1. A disaster recovery handover management system, comprising:

the disaster recovery switching management platform is used for carrying out unified disaster recovery switching management and scheduling on a customer data center service system, edge cloud production nodes, a disaster recovery center and edge cloud disaster recovery nodes; when the customer data center service system or the edge cloud production node has a fault, the disaster recovery switching management platform alarms management personnel through fault information monitored in real time, the management personnel initiates the disaster recovery center service take-over and the edge cloud service disaster backup node take-over according to the alarm information to provide a function service for replacing the fault part of the customer data center service system and the edge cloud production node, after the fault part is repaired, the disaster recovery management platform stops the service support function of the disaster recovery center or the edge cloud disaster backup center node and continues to reschedule the customer data center service system and the edge cloud production node to provide the service to the outside.

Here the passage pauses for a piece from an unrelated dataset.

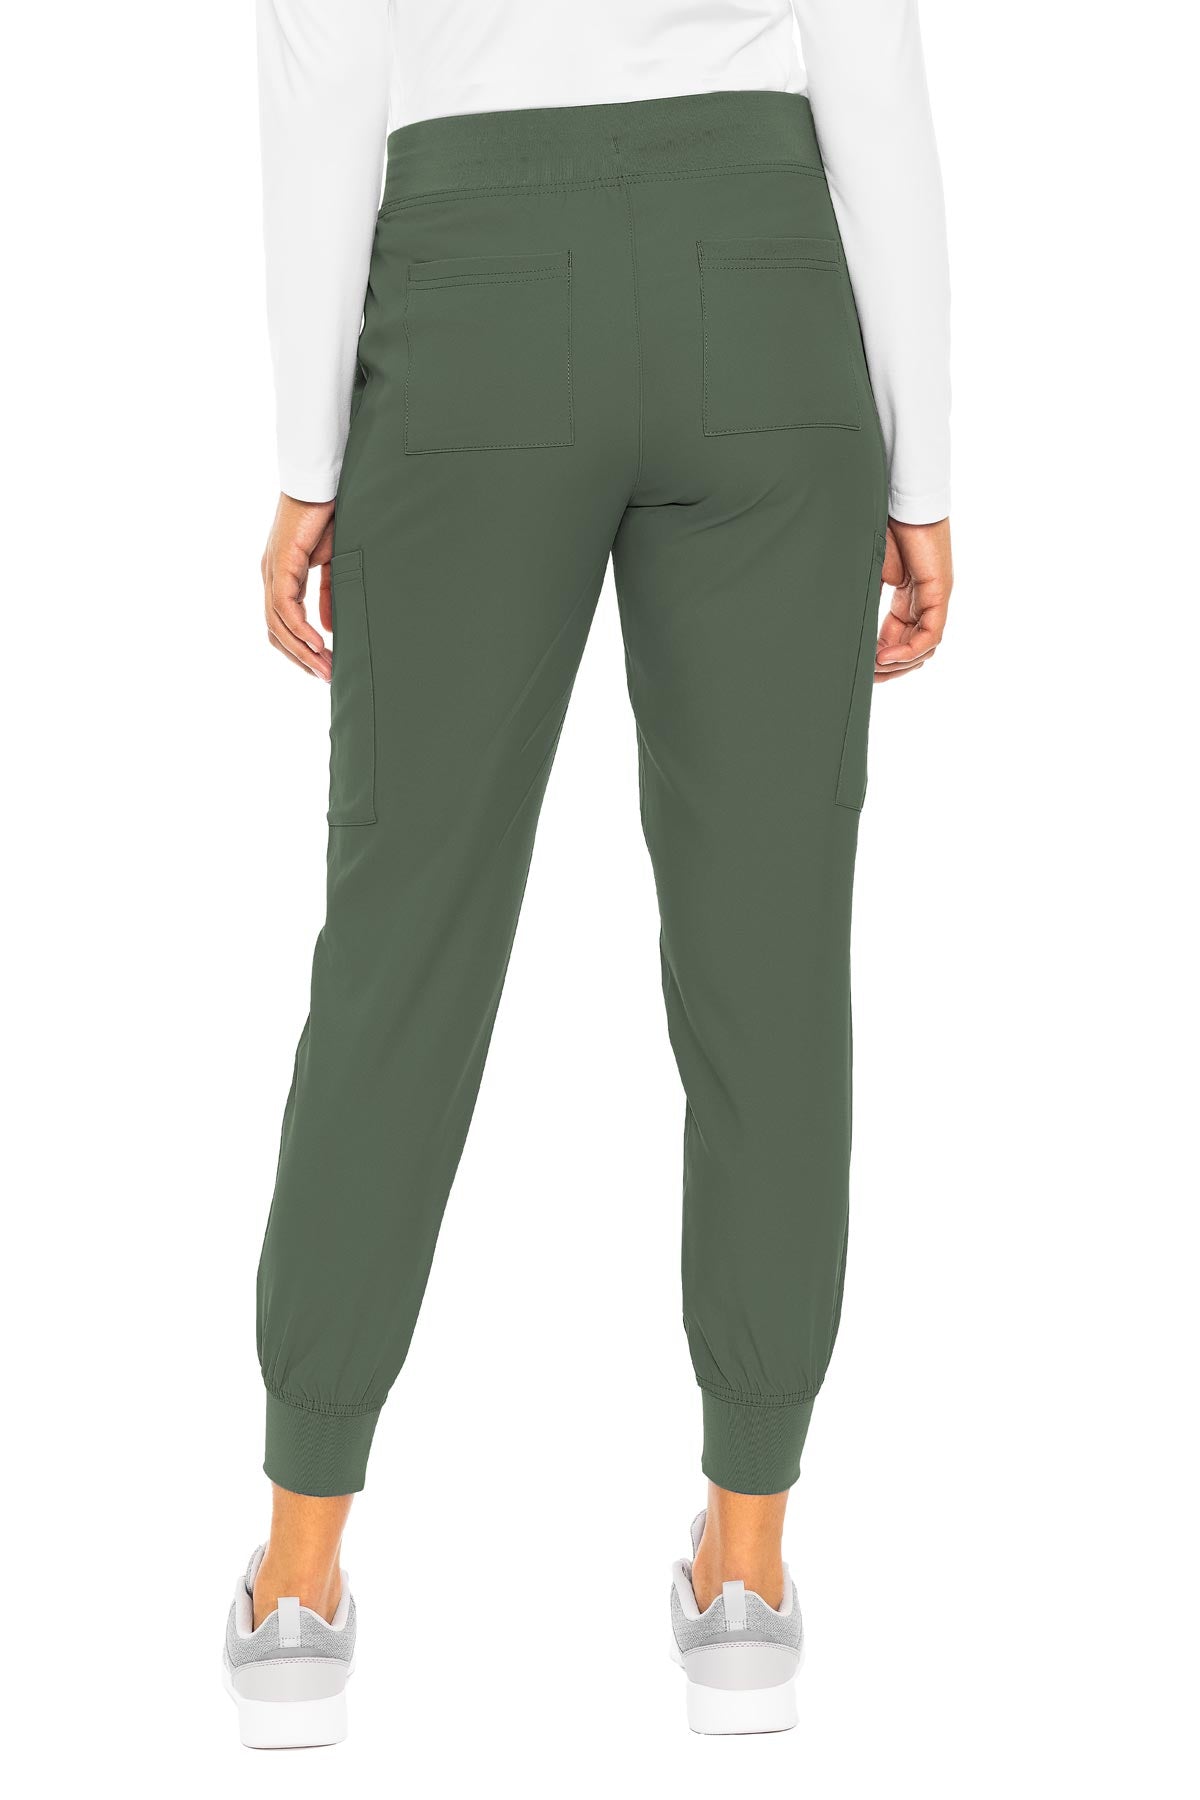 Med Couture 2711 Insight Jogger Pant Olive Green Back

2. A disaster recovery switching management method based on the disaster recovery switching management system as claimed in claim 1, comprising the steps of:

s2: the management personnel position the specific occurrence position of the fault according to the alarm information, namely judge the specific fault subsystem, select a switching script corresponding to the fault position in the disaster recovery center or the edge cloud disaster recovery node, perform service switching according to a preset switching flow, and provide data support service by the switching script of the disaster recovery center or the edge cloud disaster recovery node after switching;

3. The method according to claim 2, wherein in step S2, if a fault scenario of the edge cloud production node is involved, the disaster recovery switching system selects an edge cloud backup node that is less than or equal to an initial set delay threshold, that is, selects an edge cloud backup node with a low delay requirement.

4. A terminal comprising a memory, a processor and a computer program stored in the memory and executable on the processor, characterized in that the processor implements the steps of the method according to any of claims 2 to 3 when executing the computer program.

5. A computer-readable storage medium, in which a computer program is stored which, when being executed by a processor, carries out the steps of a method according to any one of claims 2 to 3.